Empty lemmas of some words #3

Closed martinpopel closed 7 years ago

martinpopel commented 7 years ago

In UD_Persian 2.0, about 6% of words have empty lemma (underscore in CoNLL-U). What is the reason?

If these are punctuation symbols or foreign-origin/proper/indeclinable/whatever words where lemmatization is not considered interesting from the linguistic point of view, the lemma should be equal to the form. If these are missing annotations planned to be done in future, I would still prefer to approximate the lemma (at least with the word form) automatically and mark the nodes as ToDo=fix-lemma in MISC.

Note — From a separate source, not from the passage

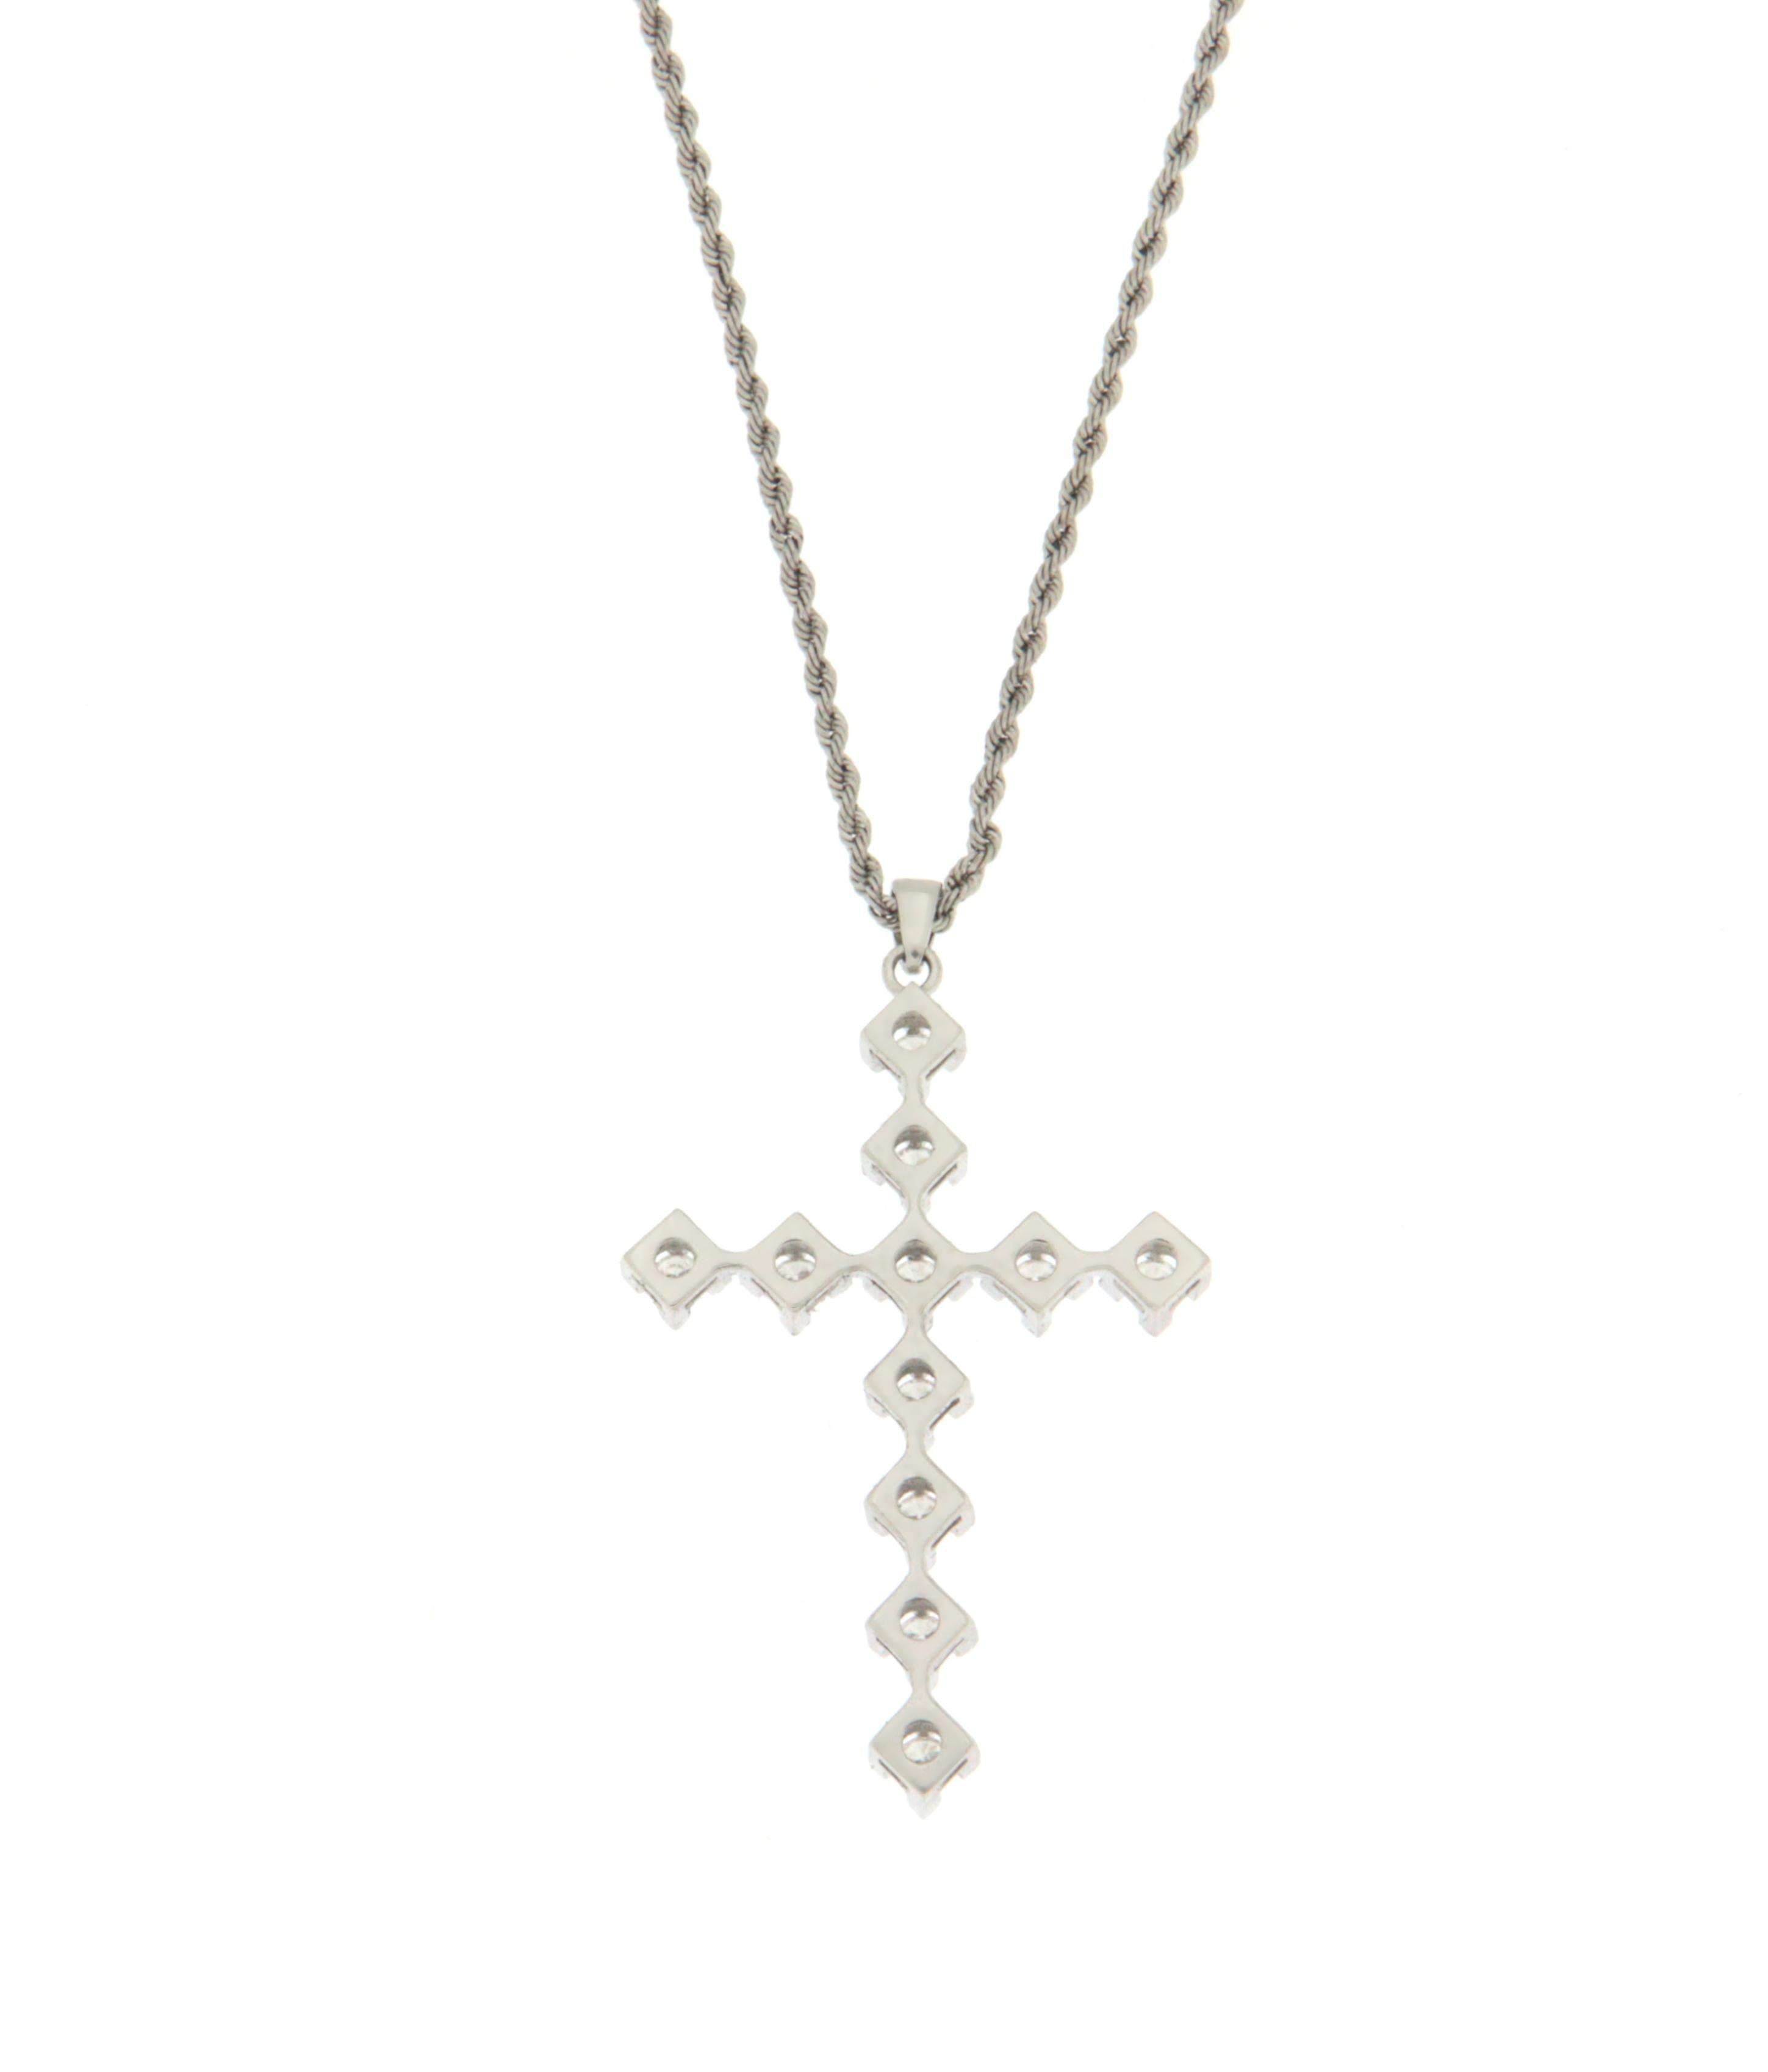 Brilliant Cut Diamonds 18 Karat White Gold Cross Pendant Necklace For Sale
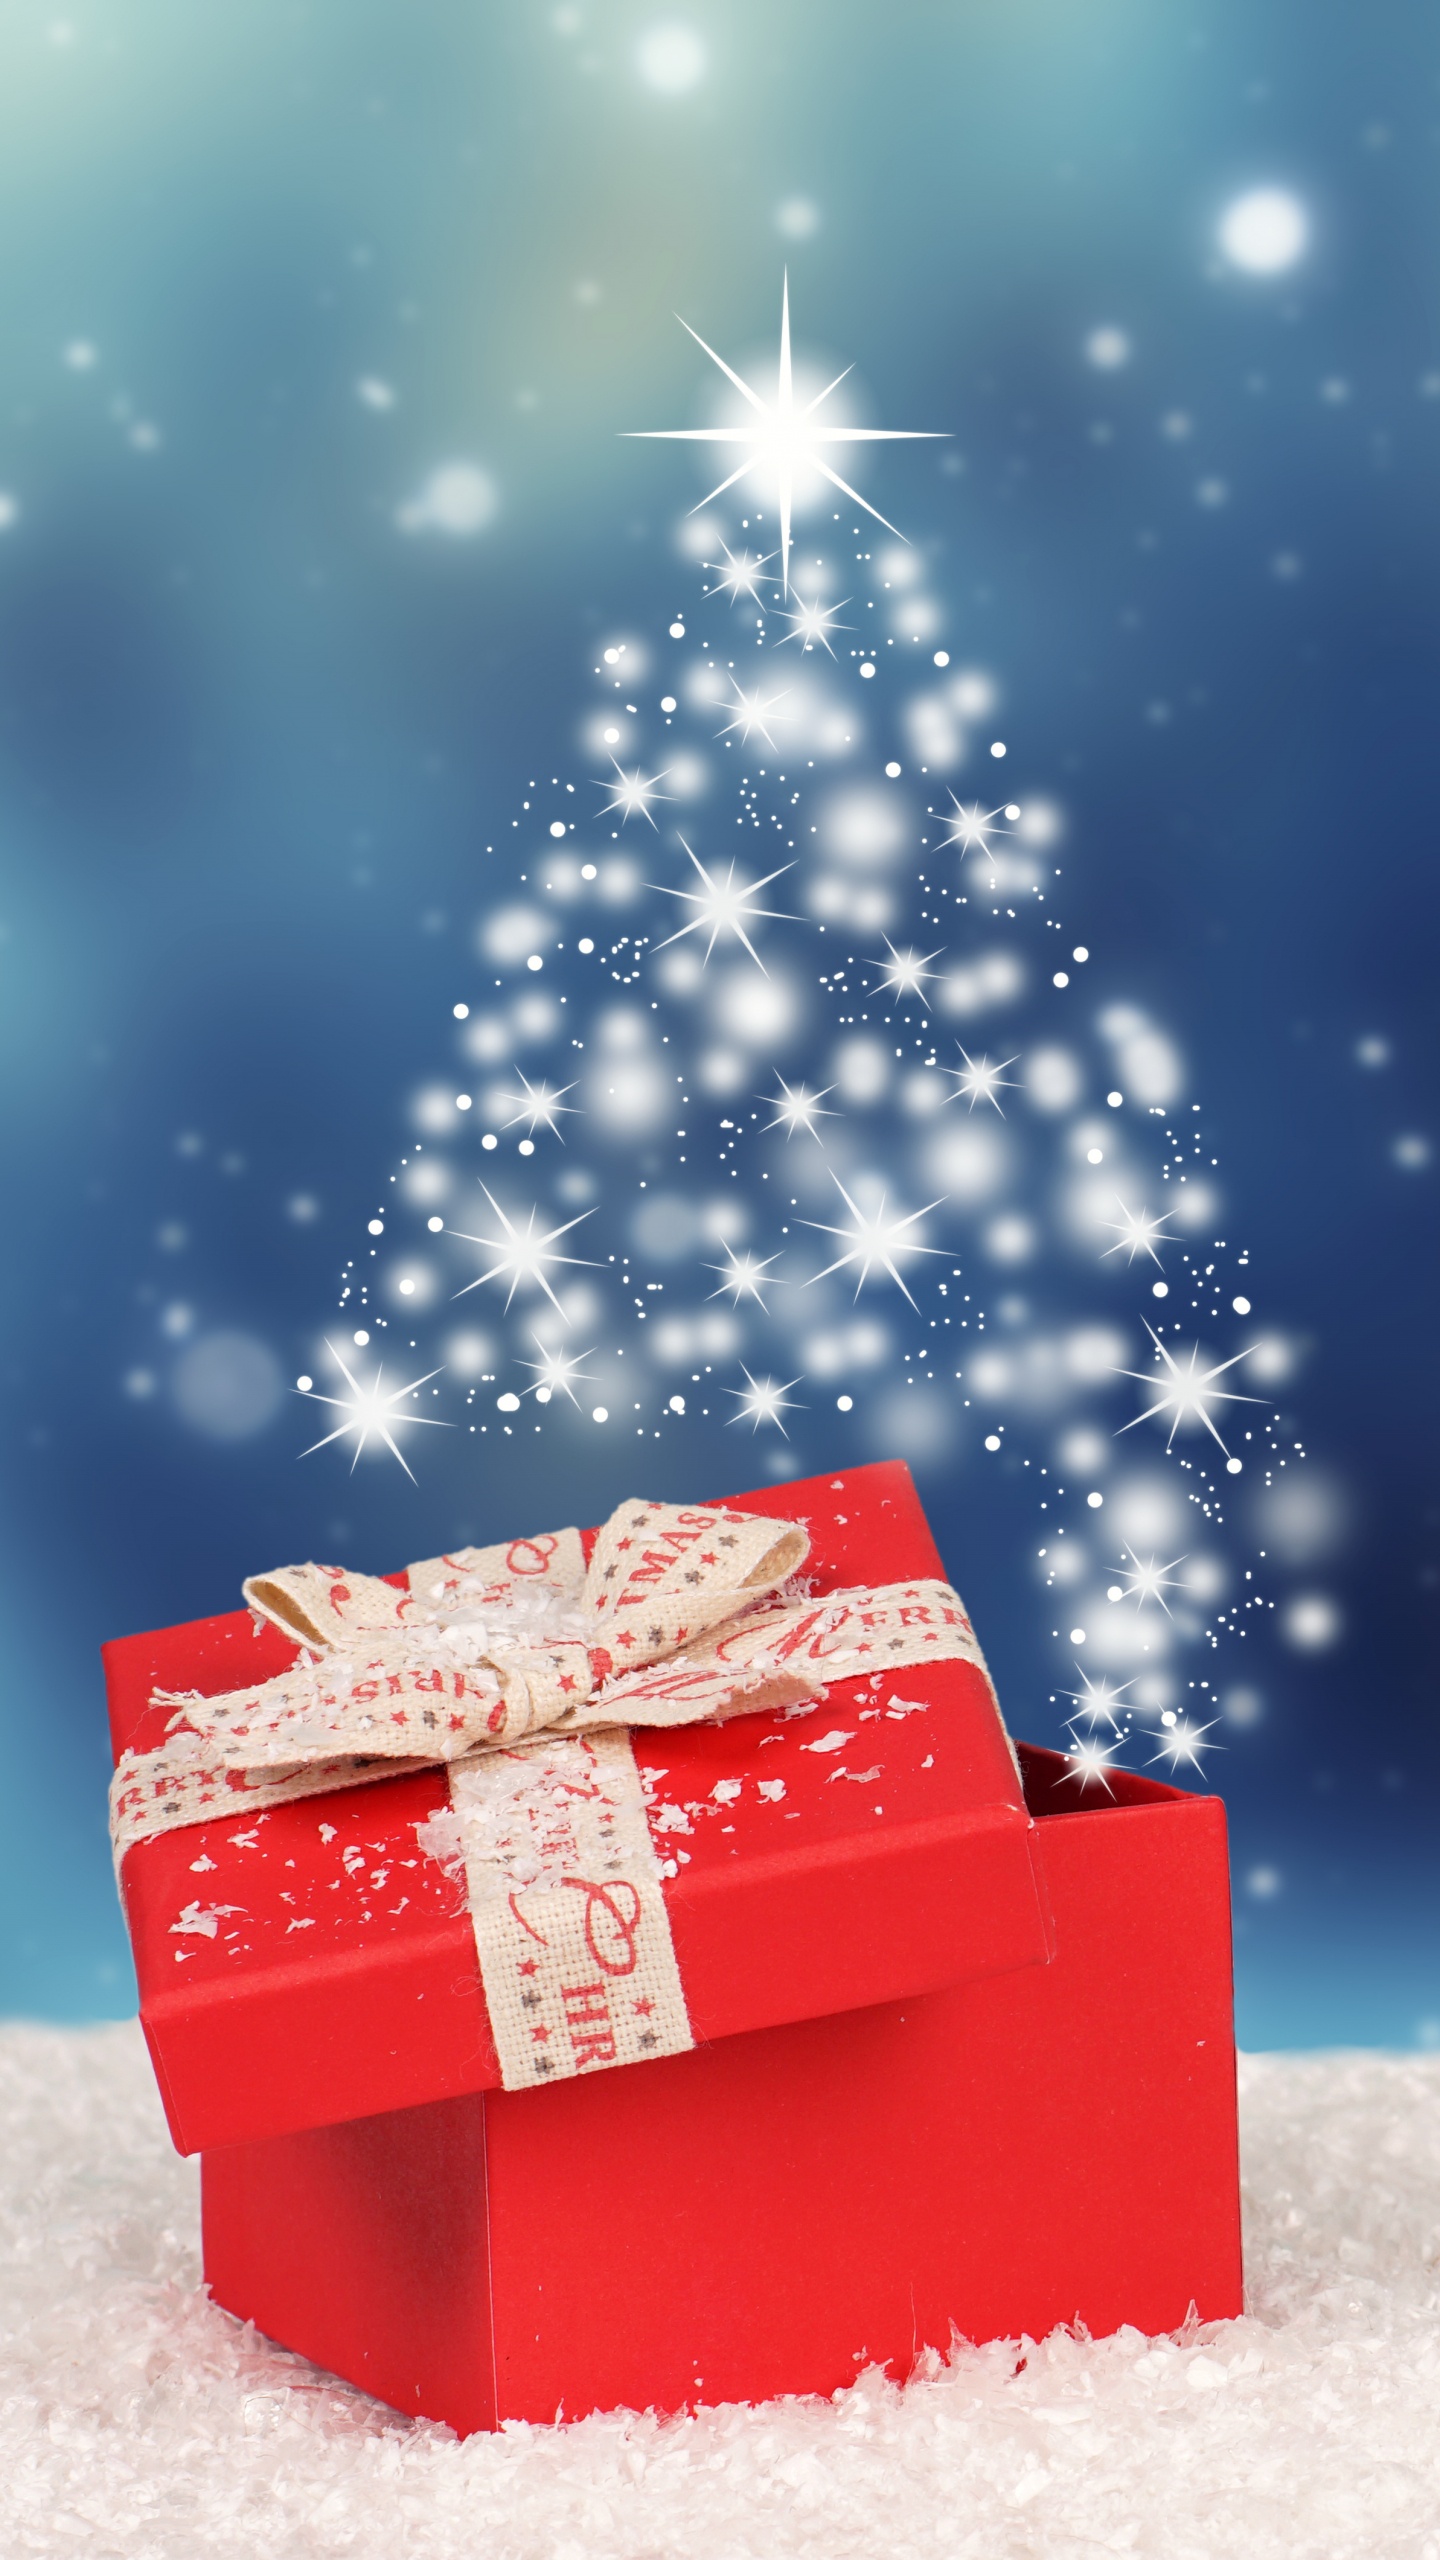 圣诞节那天, 冬天, 圣诞节, 圣诞树, 圣诞前夕 壁纸 1440x2560 允许

Motivation: This causes problems to parsers, which expect either no lemmas at all, or a reasonable number of word forms per one lemma. Ideally, the word form should be uniquely defined by the lemma and FEATS (except for capitalization and other orthographic synonyms).

jnivre commented 7 years ago

Thanks, Martin. Hopefully, this can be fixed for the next release.

mojgan-seraji commented 7 years ago

Thank you Martin for your message and sorry for the late reply!

The reason is that I missed the deadline for the previous release. My email adress was either slept or paralyzed i the stp-email-list so I never got informed about the UD's early release in spring until the last day in the afternoon.

Thanks to Dan, Filip, and Yourself we managed to keep Persian alive for this release only by converting the version 1.4 to 2.0. In other words, all my updates including the completed lemmas and some fixed errors, are not presented in this version. Due to time constraints, I couldn't fix the errors on time after validation. I am sure you were not aware of it but Dan and Filip are more in the process!

However, the good thing is that these will be taken care of in the next release! Thanks again!

martinpopel commented 7 years ago

That's great, thanks. (Dan informed me meanwhile.) So I am closing this issue (I had suggestions for improvements in several UD treebanks based on reviewing CoNLL2017 papers, so I've decided to write them as GitHub issues, so I don't forget it).

jhdeov commented 1 month ago

Was this error fixed? I downloaded the latest version and I found this:

sent_id = train-s1739
text = اگر بر تمام موانع از ابتدا غلبه می‌شد، هیچ کوششی انجام نمی‌گرفت. translit = āgr br tmām mūānʿ az abtdā ġlbh mīšd, hīč kūššī anjām nmīgrft.

Word 13 is نمی‌گرفت but with lemma _

The lemmatizer also has word 8 می‌شد as کرد